• [Provided data]:
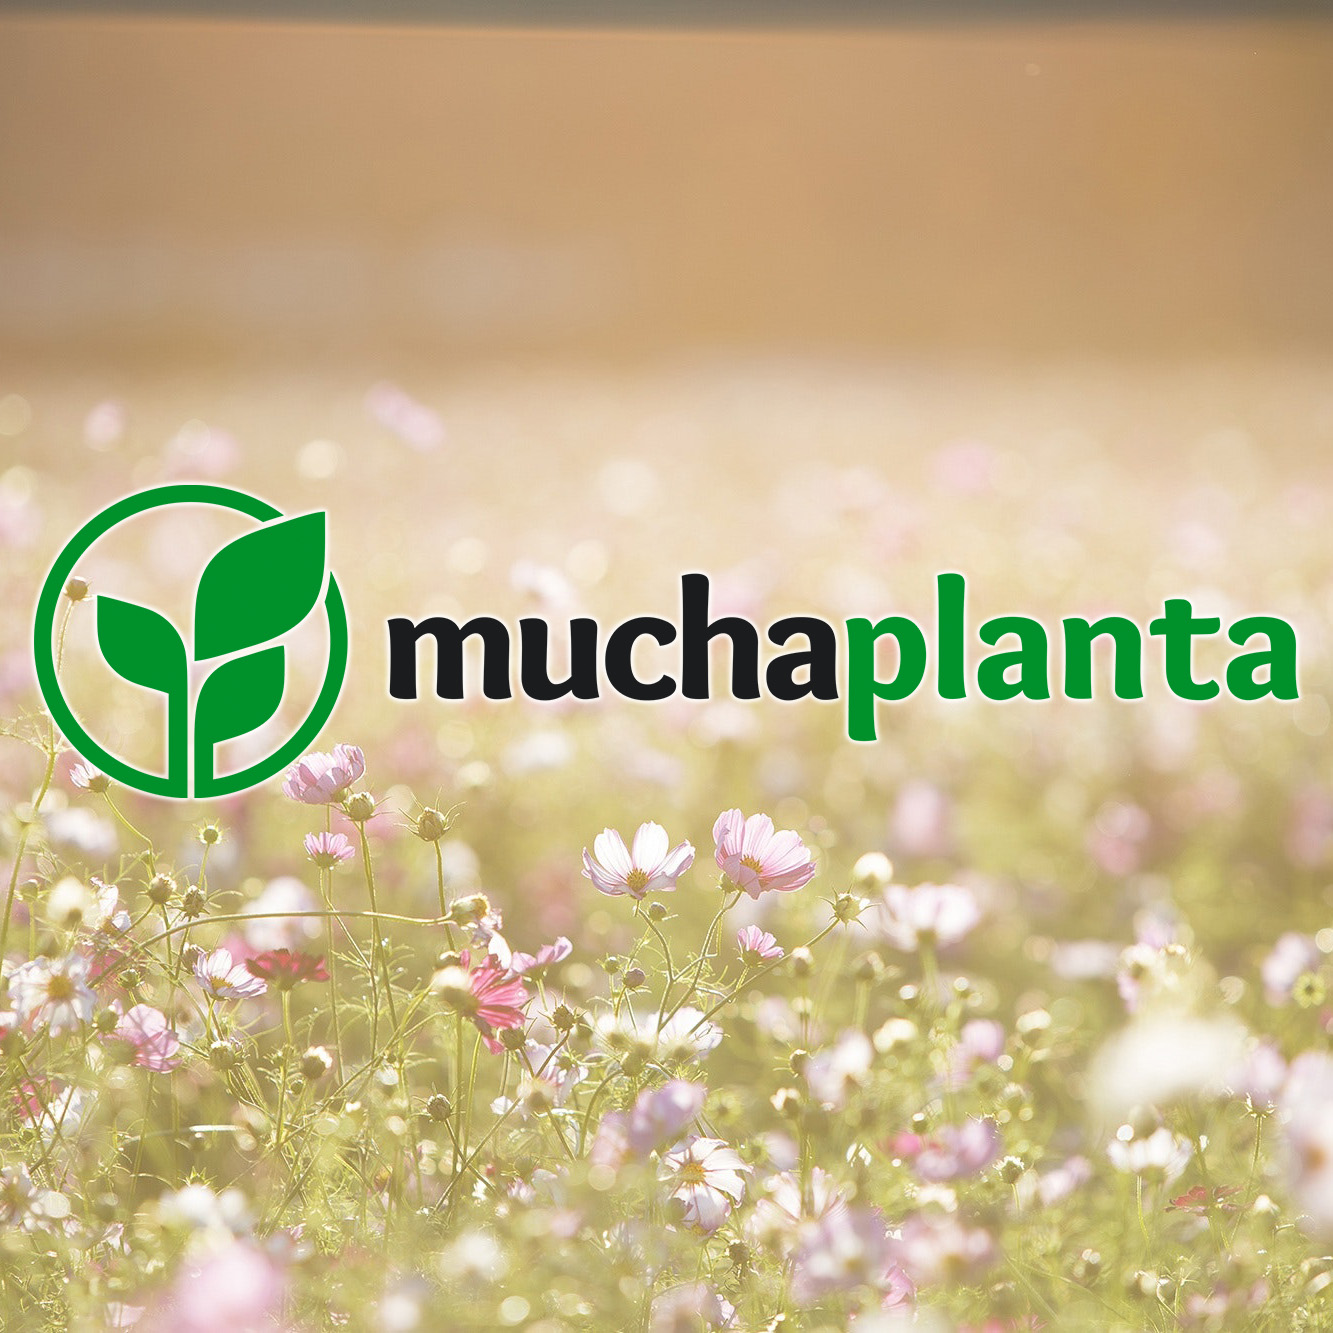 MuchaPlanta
...
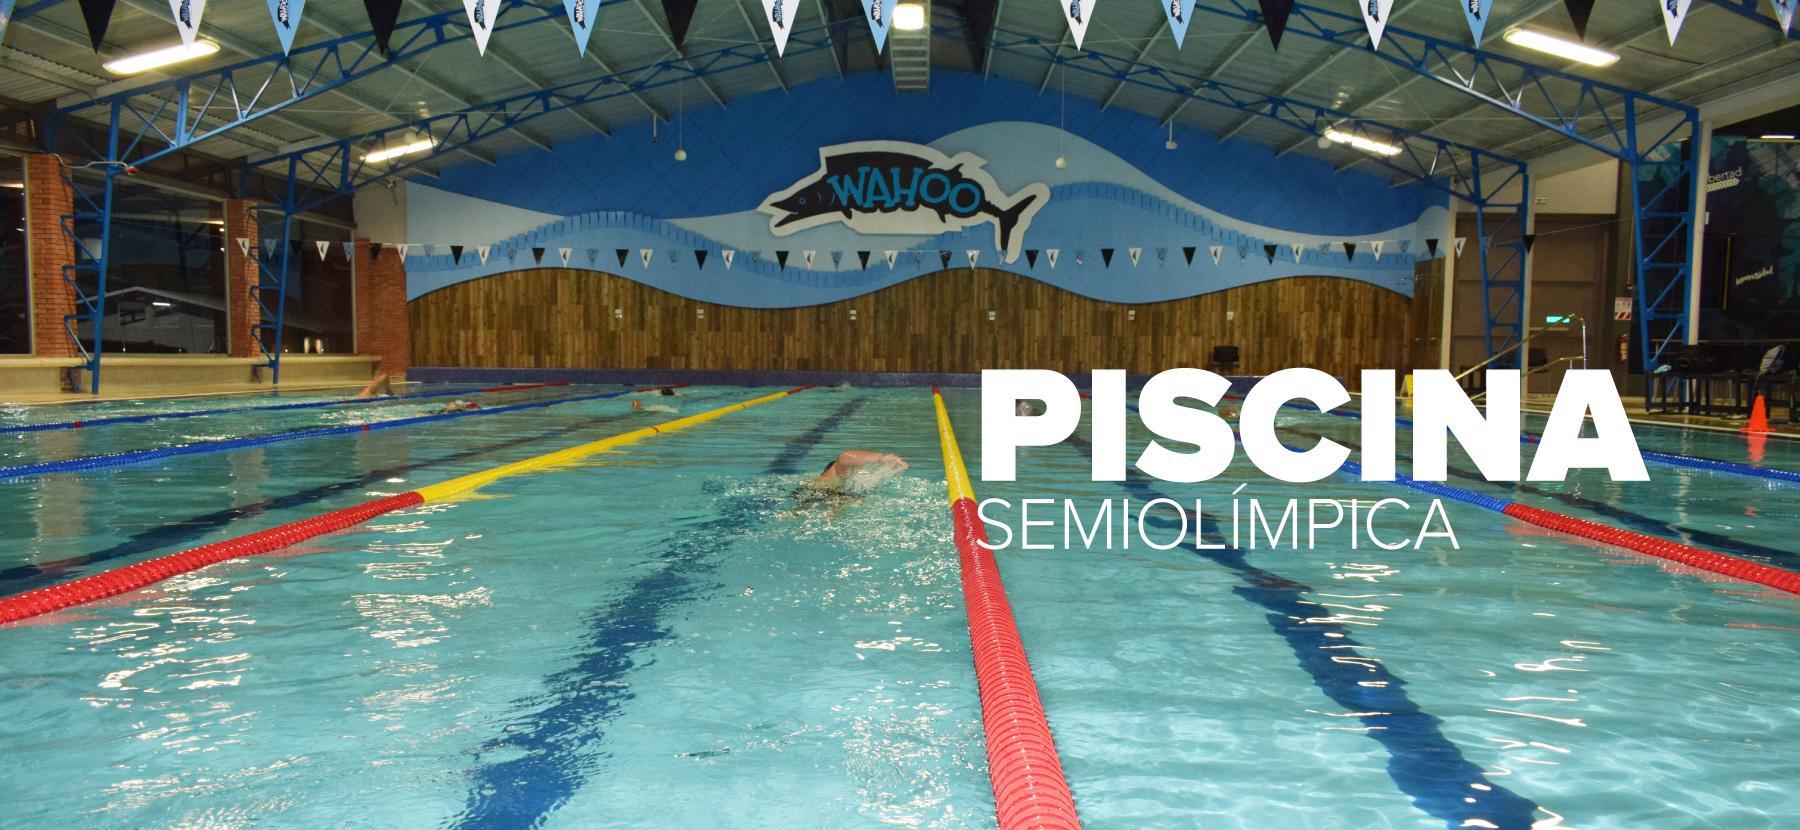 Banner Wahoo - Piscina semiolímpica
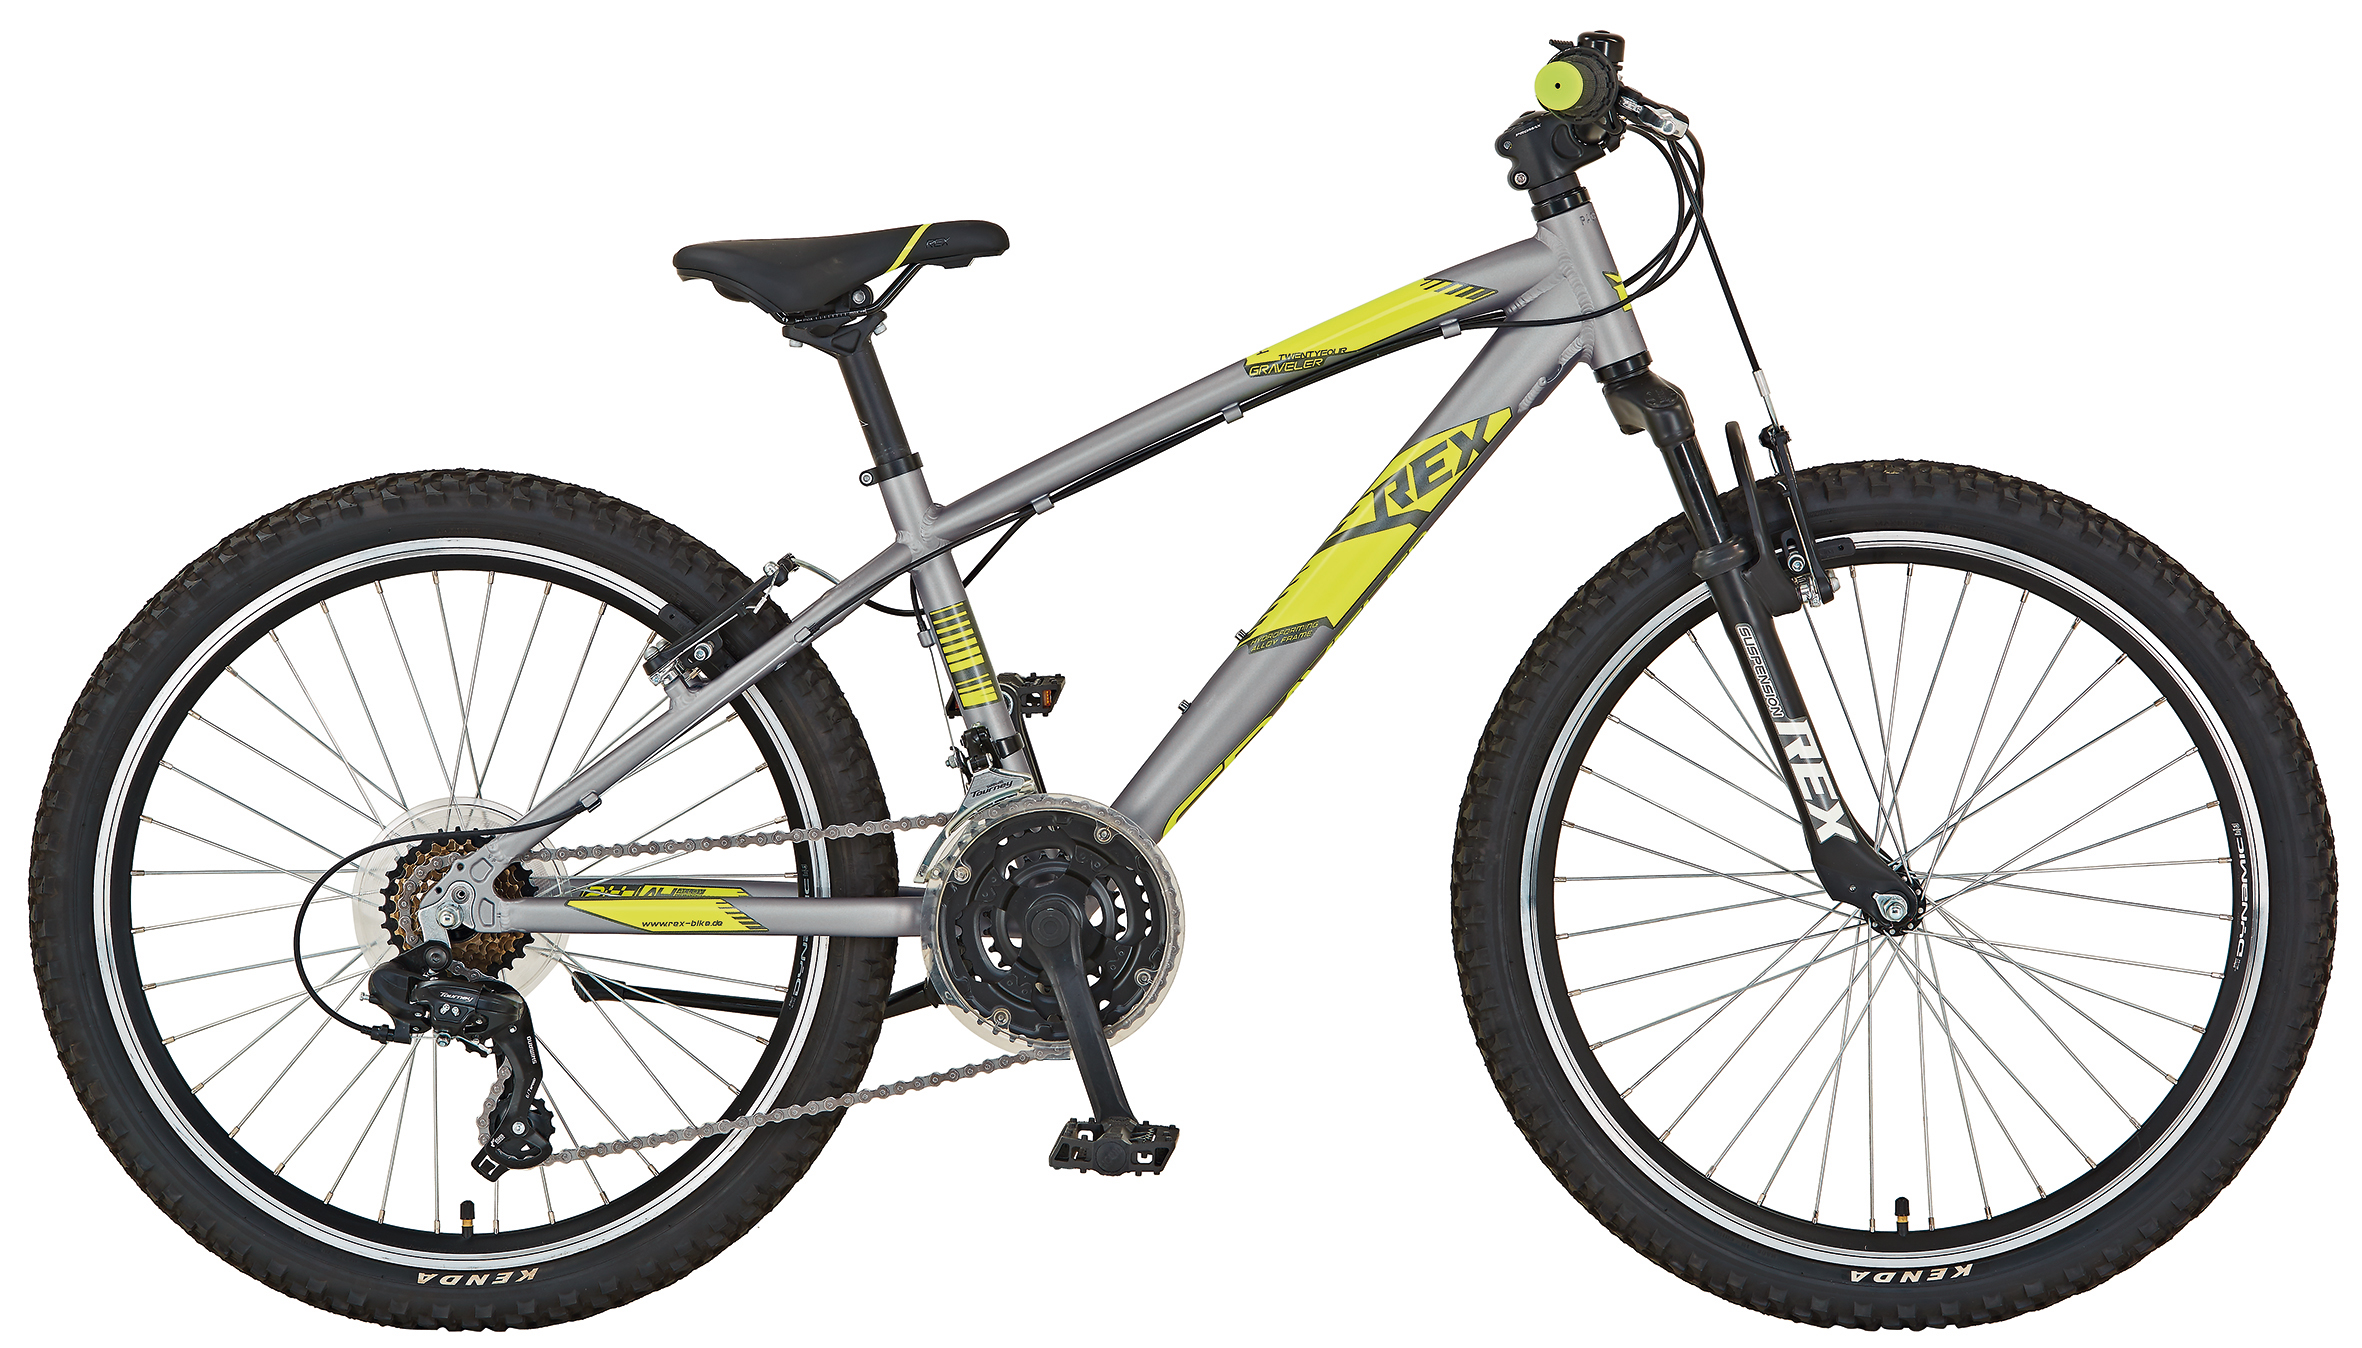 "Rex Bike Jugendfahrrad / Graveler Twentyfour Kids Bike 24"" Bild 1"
---
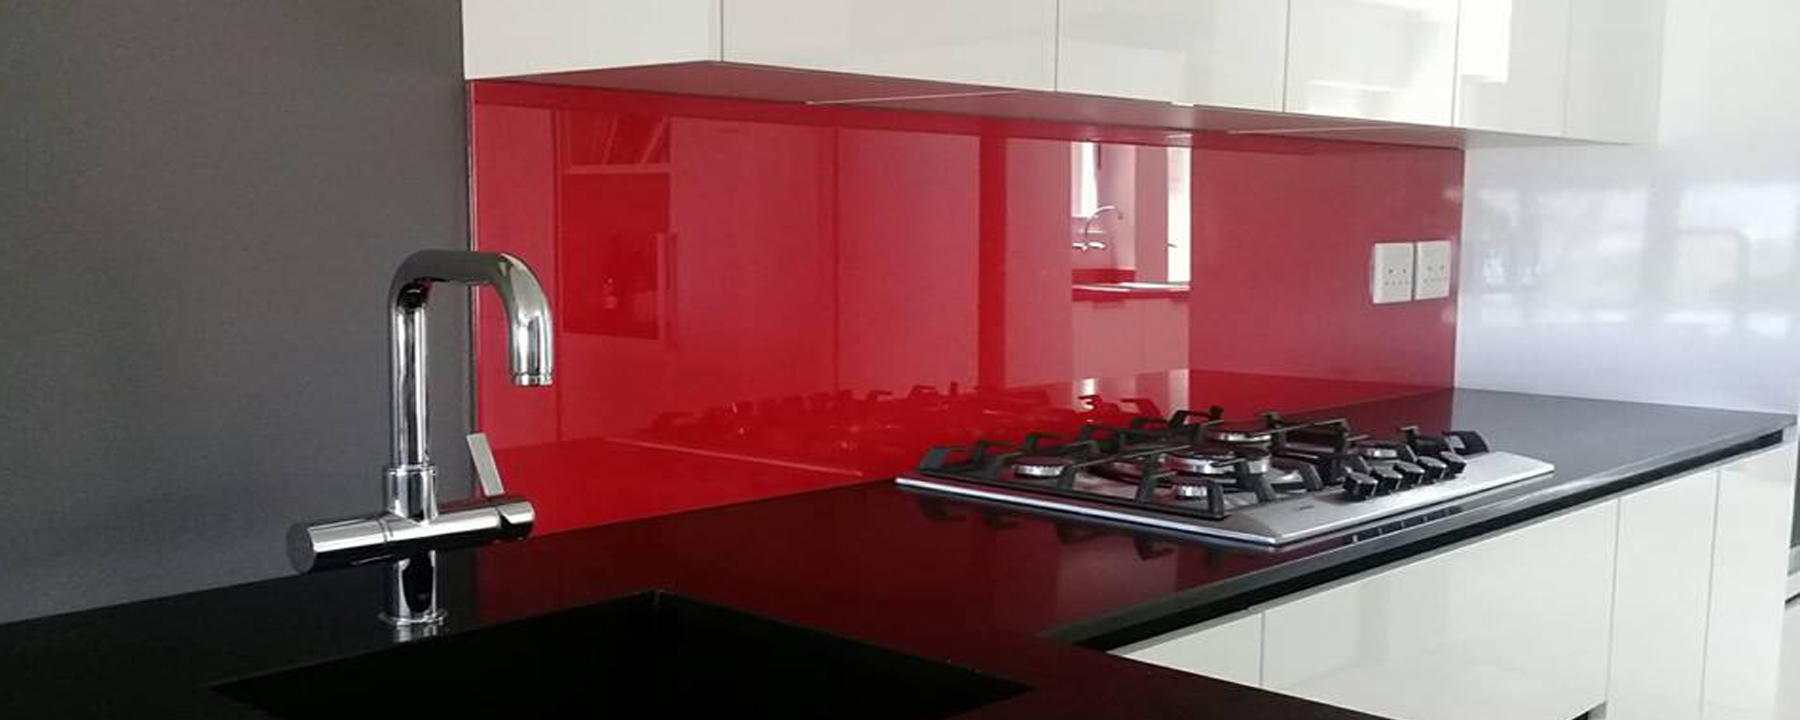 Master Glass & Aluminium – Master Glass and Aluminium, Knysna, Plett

• [What needs to be done]: Each line above that falls between the line with "Banner Wahoo - Piscina semiolímpica" and the line with "Bike Jugendfahrrad /" should be printed exactly, together with those two lines, but the pictures should not.

• [Answer space]:
 Banner Wahoo - Piscina semiolímpica
 "Rex Bike Jugendfahrrad / Graveler Twentyfour Kids Bike 24"" Bild 1"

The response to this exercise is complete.